In the year 2000 about 70% of oil in the US was used for cars, heavy trucks, raw materials for plastics/chemicals and for passenger airlines. So if we are using 20 million barrels a day as of 2010, about 14/15 million goes to those.
The argument from some worried about peak oil is that civilization will more or less fall apart as peak oil hits. However, in those 4 areas it seems there is a lot of ‘waste’, or at the very least inefficiency.
As for personal transportation, what is to stop more public transit, car pooling, alternative fuels (hydrogen, compressed air, ethanol/biodiesel, PHEVs) to use less oil? If you have 4 people living in the suburbs and they all take a 50 mile round trip to work in cars that each get 25mpg, then you have them carpool in one car that gets 60mpg (tack on an extra 10 miles a day to pick up and drop everyone off) you’ve reduce the oil transportation to get to/from work from 8 gallons/day to 1 gallon a day w/o really affecting lifestyle.

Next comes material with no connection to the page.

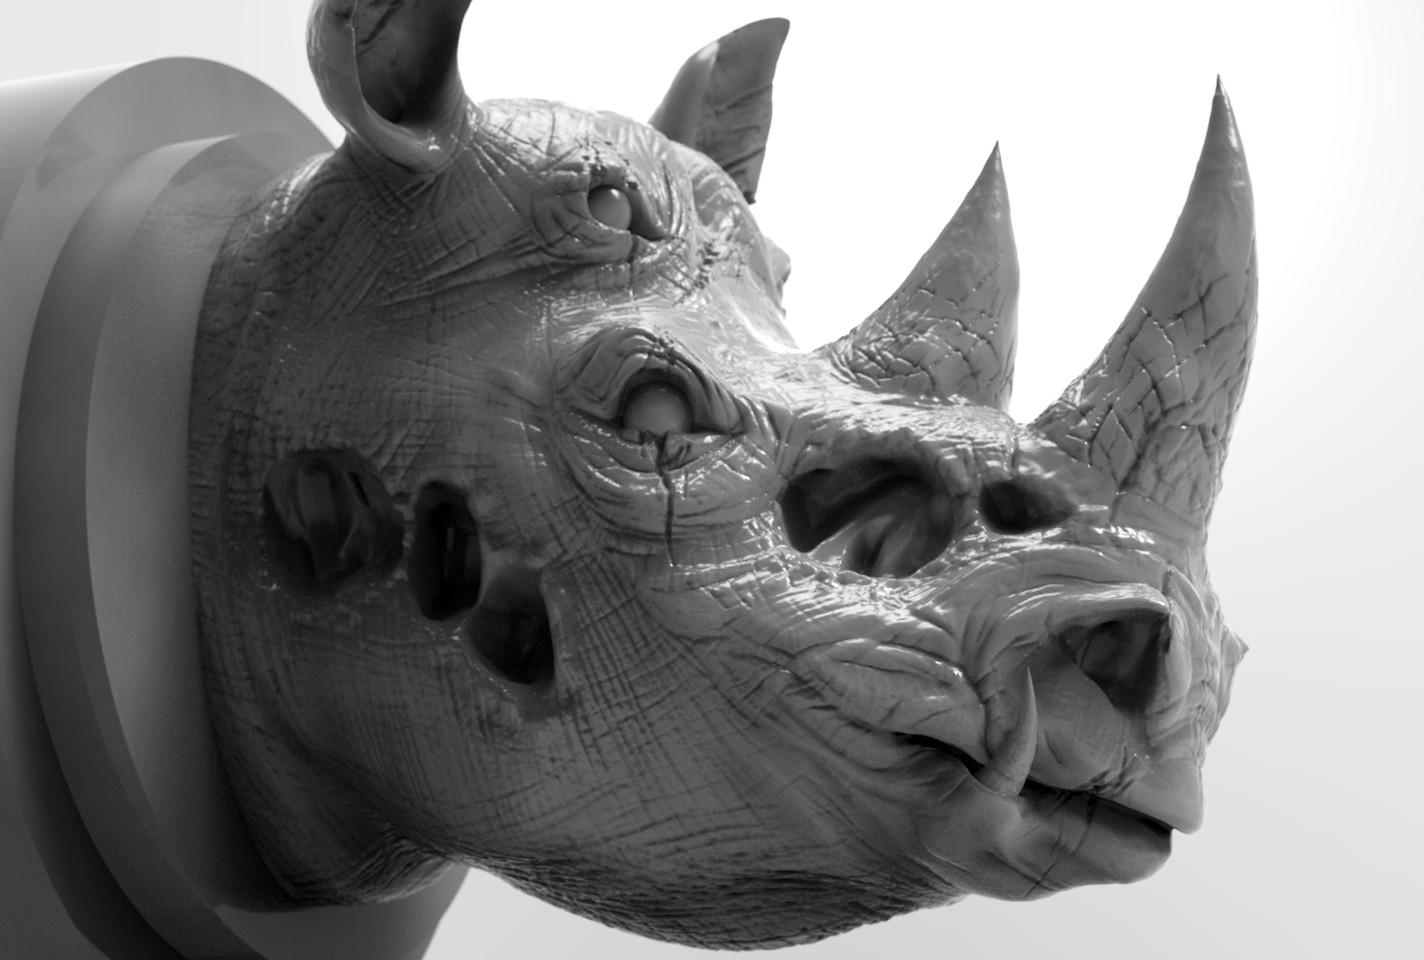 Danger Rhino

Don’t 80% of people in the US live in or near large metro areas with public transit, or where things like scooters and car pools can be used by some? Advances in public transit, alternative fuels, scooters and car pools seem like they could compensate. They wouldn’t be as convenient, but its not like the system would fall apart.

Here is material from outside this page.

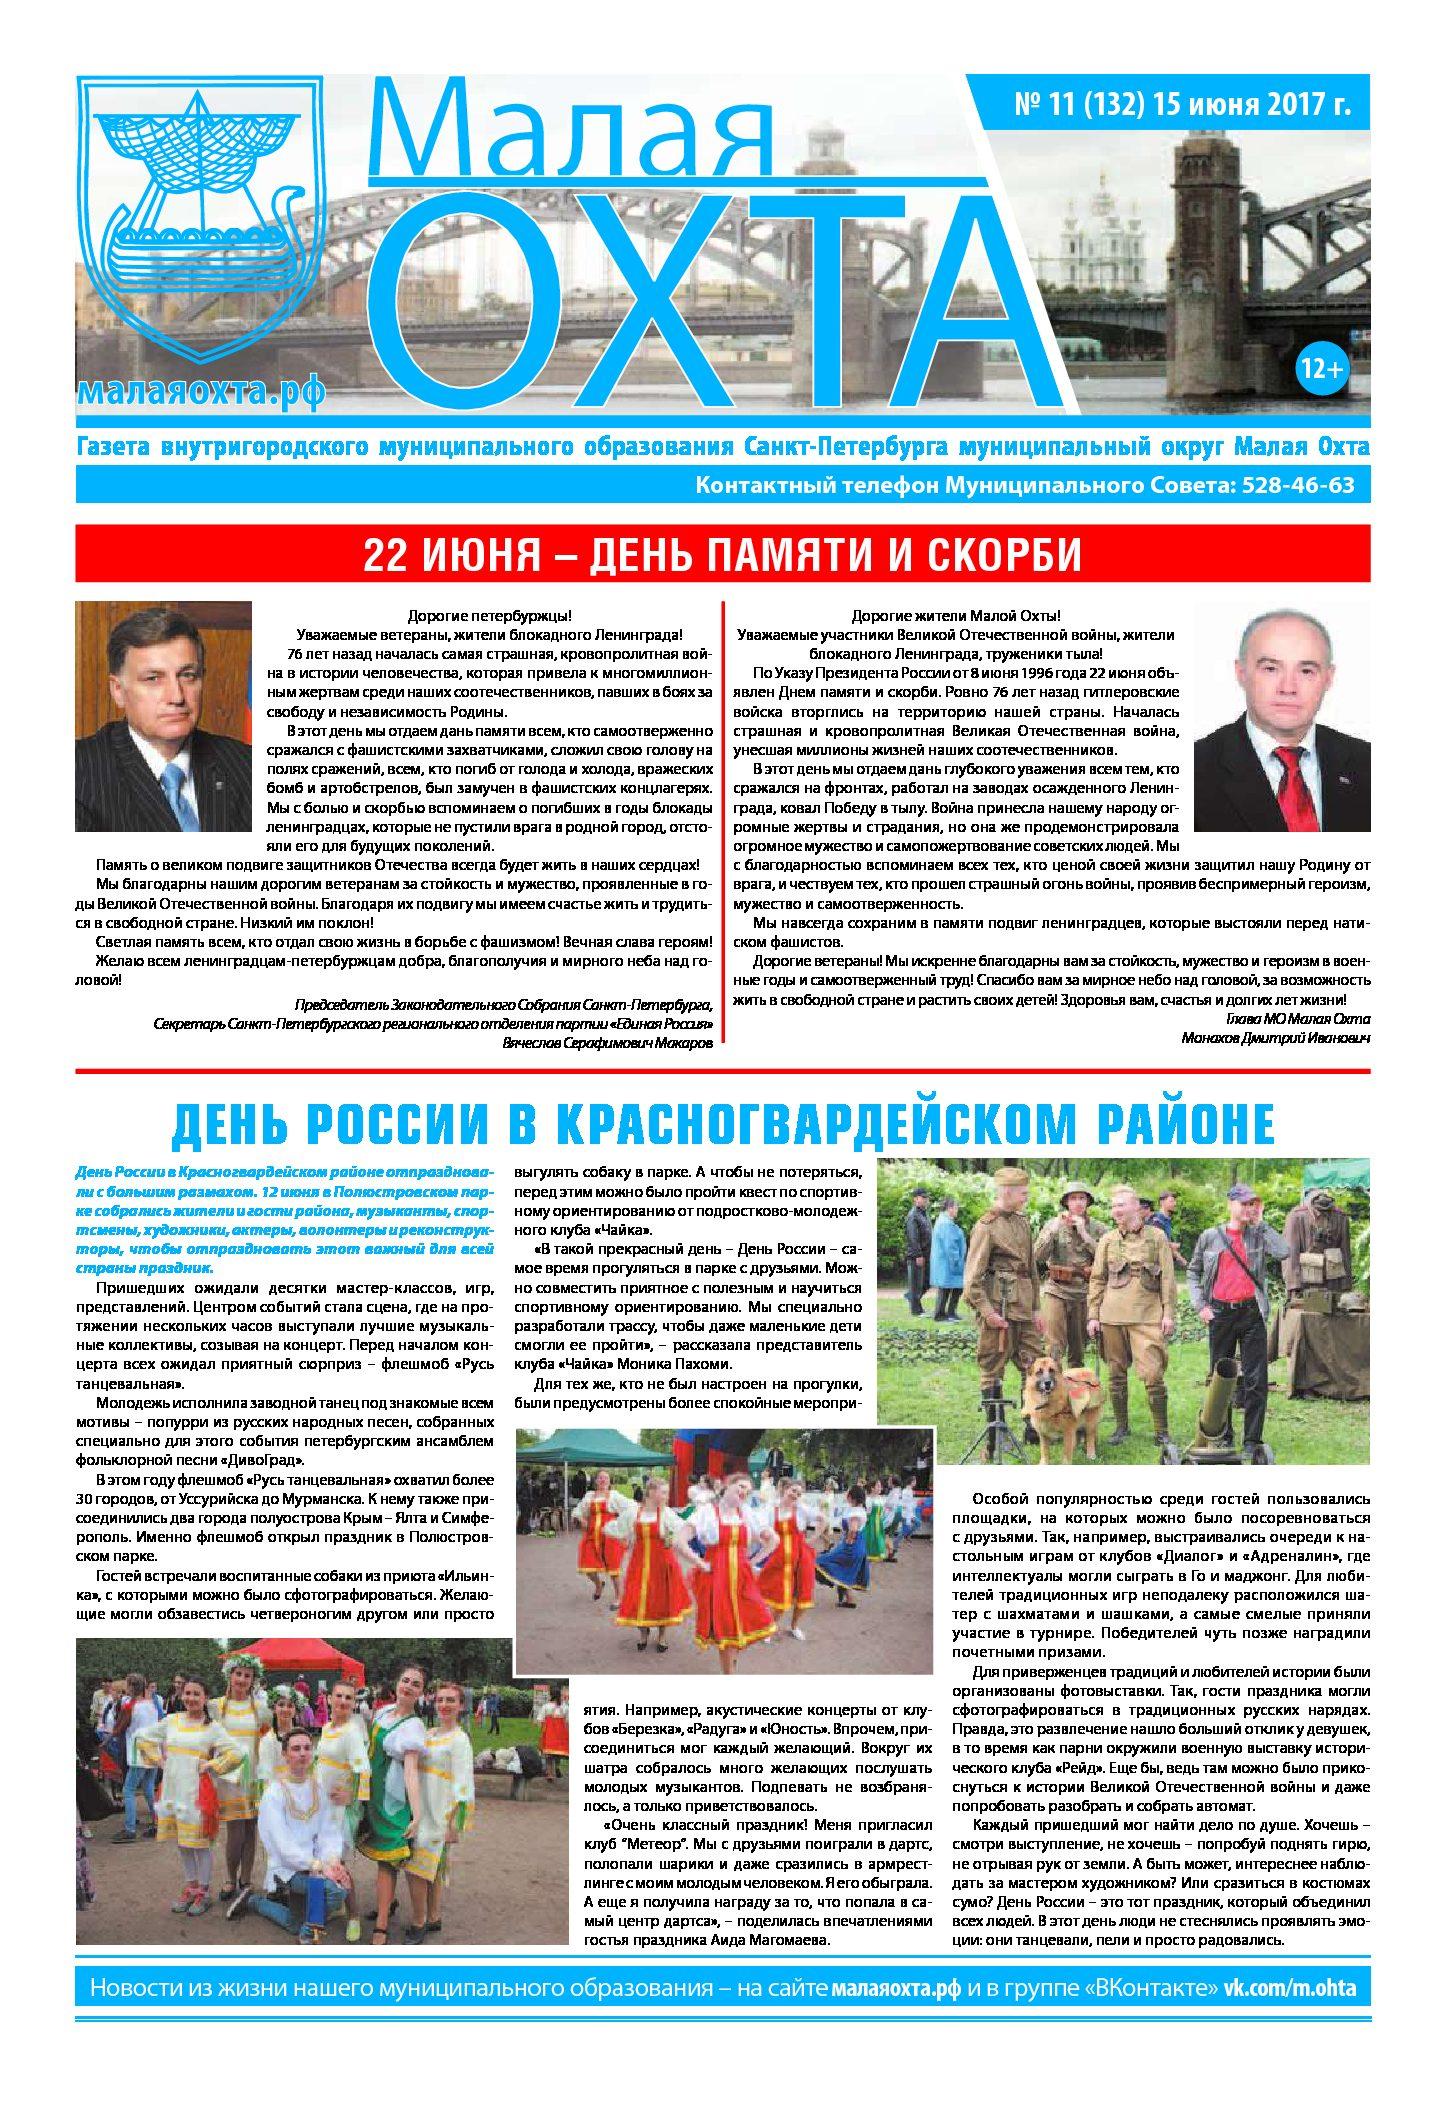 Газета № 11 2017

Barges can transmit a ton of cargo for something like 1/9 the oil of a truck. Rail uses 1/4.
http://www.tulsaweb.com/PORT/facts.htm
The mississippi, missouri, ohio & colorado river as well as the ocean can be used to ship barges. So what is to stop us from using barges and rail as much as possible instead of trucks?
Can’t coal be used as a raw material for plastics and chemicals rather than oil? We aren’t running out of coal anytime soon.
As far as air travel, how much of that is business or recreation? Couldn’t video conferencing replace that? Or possibly rail? High speed rail will take until the 2020s to really be developed and even then it won’t be nationwide, it’ll just be hubs (San Francisco to LA or Chicago to St. Louis, that kind of thing). I don’t think there will be a high speed rail system from LA to NYC anytime soon.
Anyway, it seems like in those 4 areas that account for 70% of our oil usage (personal cars, shipping trucks, raw materials and passenger air) that there is a lot of room for higher efficiency (car pools, public transit, scooters), bypassing those uses (using barges and rail instead of semis, using coal instead of oil for manufacturing) and alternative fuels (hydrogen, compressed air, natural gas, plug in hybrids, ethanol, etc).
I get the impression domestic life under peak oil might be more like WW2 (which had a variety of natural resources) than Mad Max. It’ll be inconvenient and unpleasant, but not really terrible.